I weighed a half cup of extra light DME. It came to just under 3 ounces. Others have reported different weights.

The best way is to use a scale to weigh out the DME.

I made some assumptions for batch size and use of a stir plate. Let me know if these are off.
 
Erik, are you using an Erlenmeyer flask to do this or are you using a regular pot to boil? I would suggest try duplicating this again. In the same manner try to boil some water without DME for 10-15 min, let it cool naturally(so you don't waste ice) and see how much you lose. If you do consistently lose X % of your water in the boil at least you can calculate that for future starters.


- ISM NRP
 
Thanks you guys for all the helpful advice. Here is what I would up doing:

Since the starter was only at about 800mL, I let that go for about 24 hours, until the activity settled down and it was beginning to clear up. I refrigerated it overnight and then took it out in the morning. As that came to room temp, I made another DME starter, this time with about 1.6L water in my pot, this time with the lid on. Although I do have an Erlenmeyer, something about putting it right on the gas stove makes me cringe. So, anyway once that mini-wort cooled, I added it to the flask and I was off to the races. On the second go around, the yeast really went nuts, nearly blowing off the foil top I had made.

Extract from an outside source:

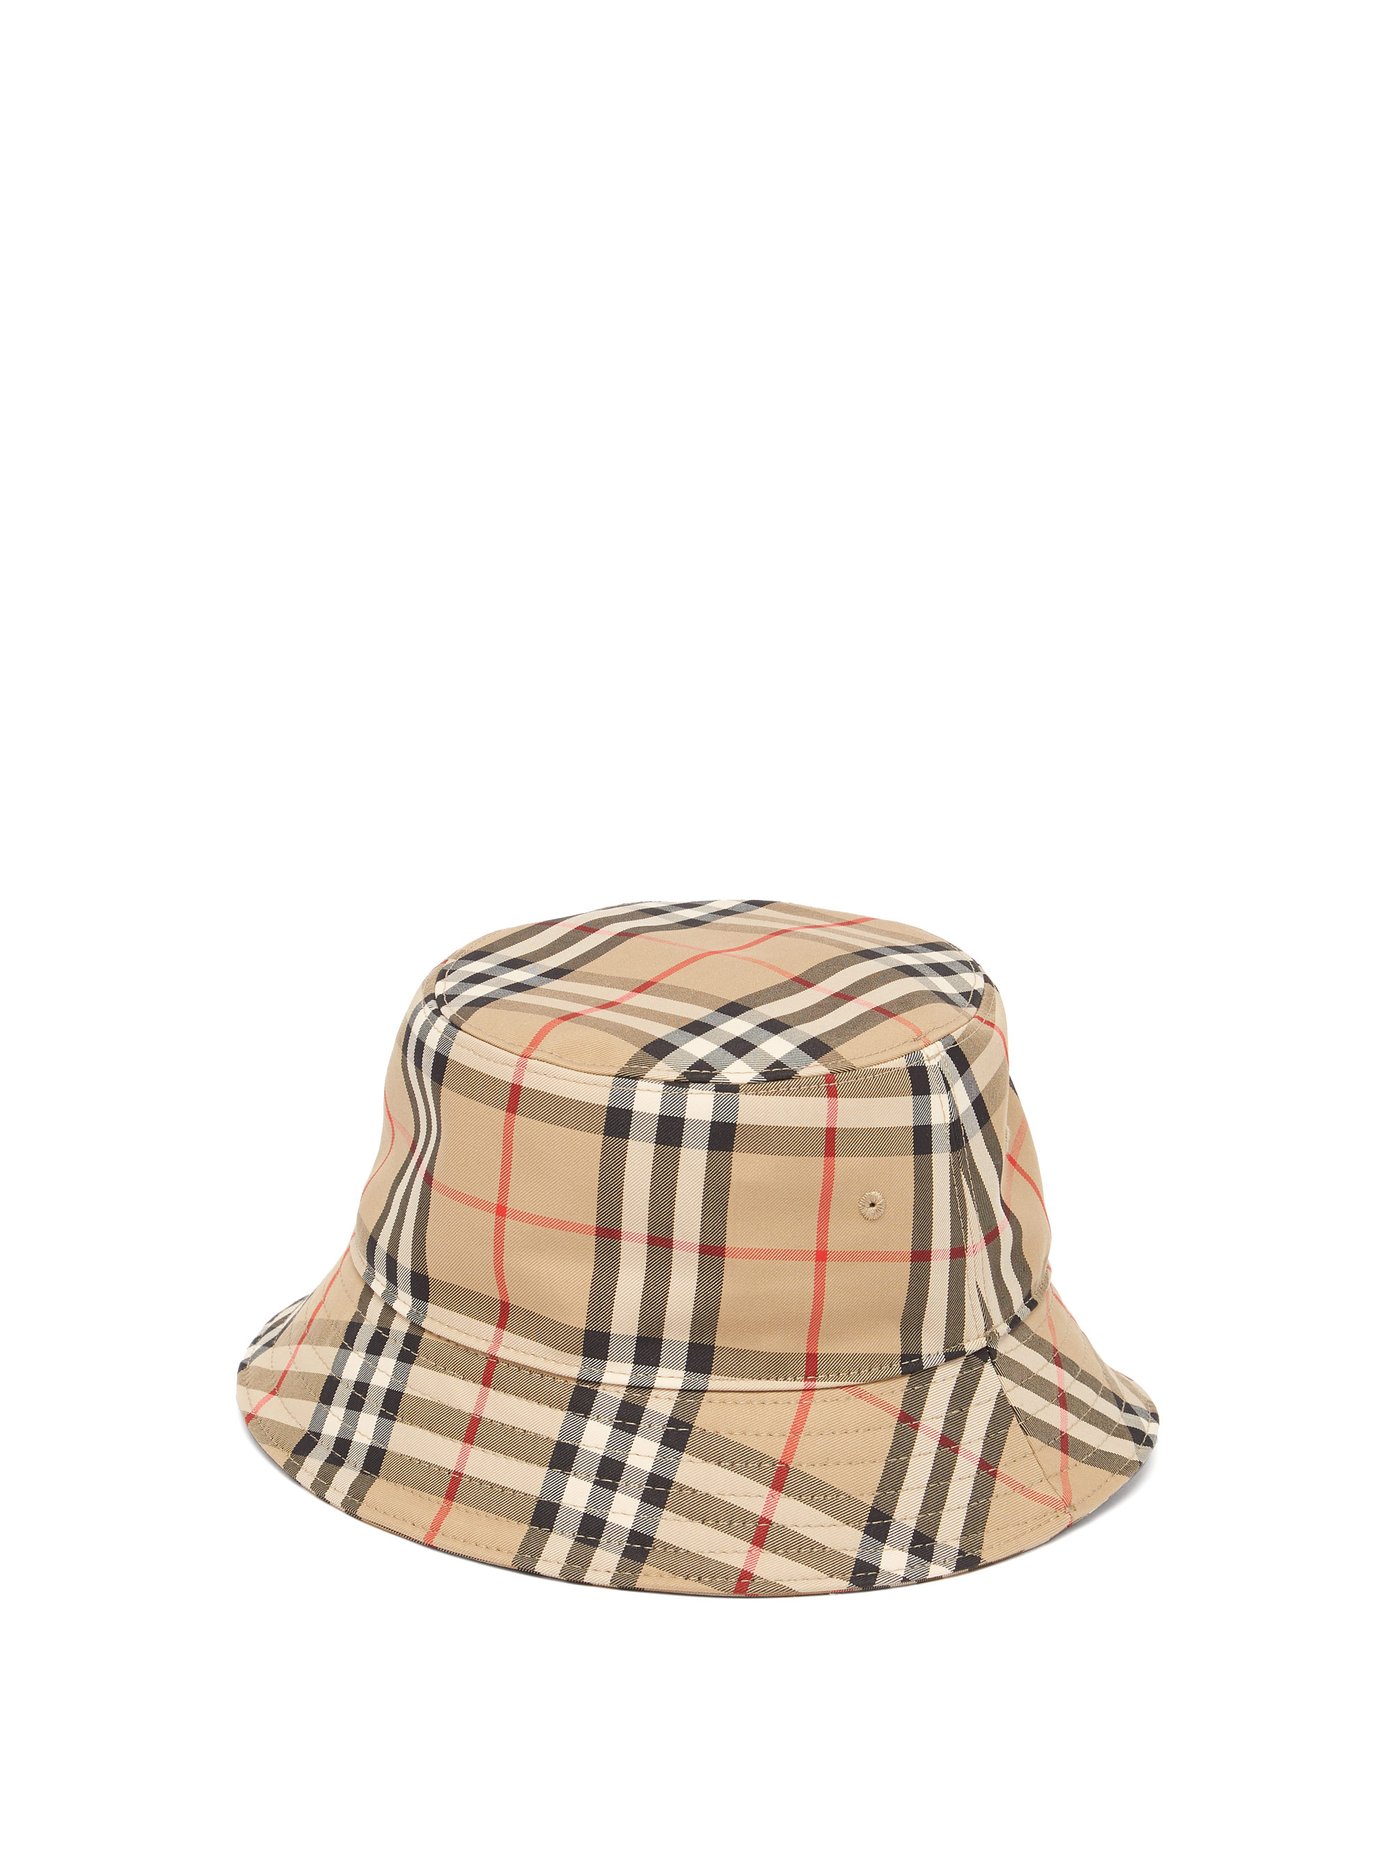 Burberry Vintage Hat Top Sellers, 59% OFF | lagence.tv

Right now, the beer is fermenting in the closet after a successful brew day. I brewed on Sunday. In the past, when I did not use a starter, the activity had pretty much ended by now (two days or so after brewing). I am hopeful that the continued activity is a sign that the yeast is properly attenuating (I think that is the term here). Early attenuating would lead to a beer with a sweet taste from the residual sugar that had not fermented properly due to underpitching. That sweetness is the reason that I went down this starter road in the first place, so hopefully that is a problem solved.

Again, thanks everyone for the help. I'm a pretty new brewer and I'm really grateful that I have a friendly place to turn with questions.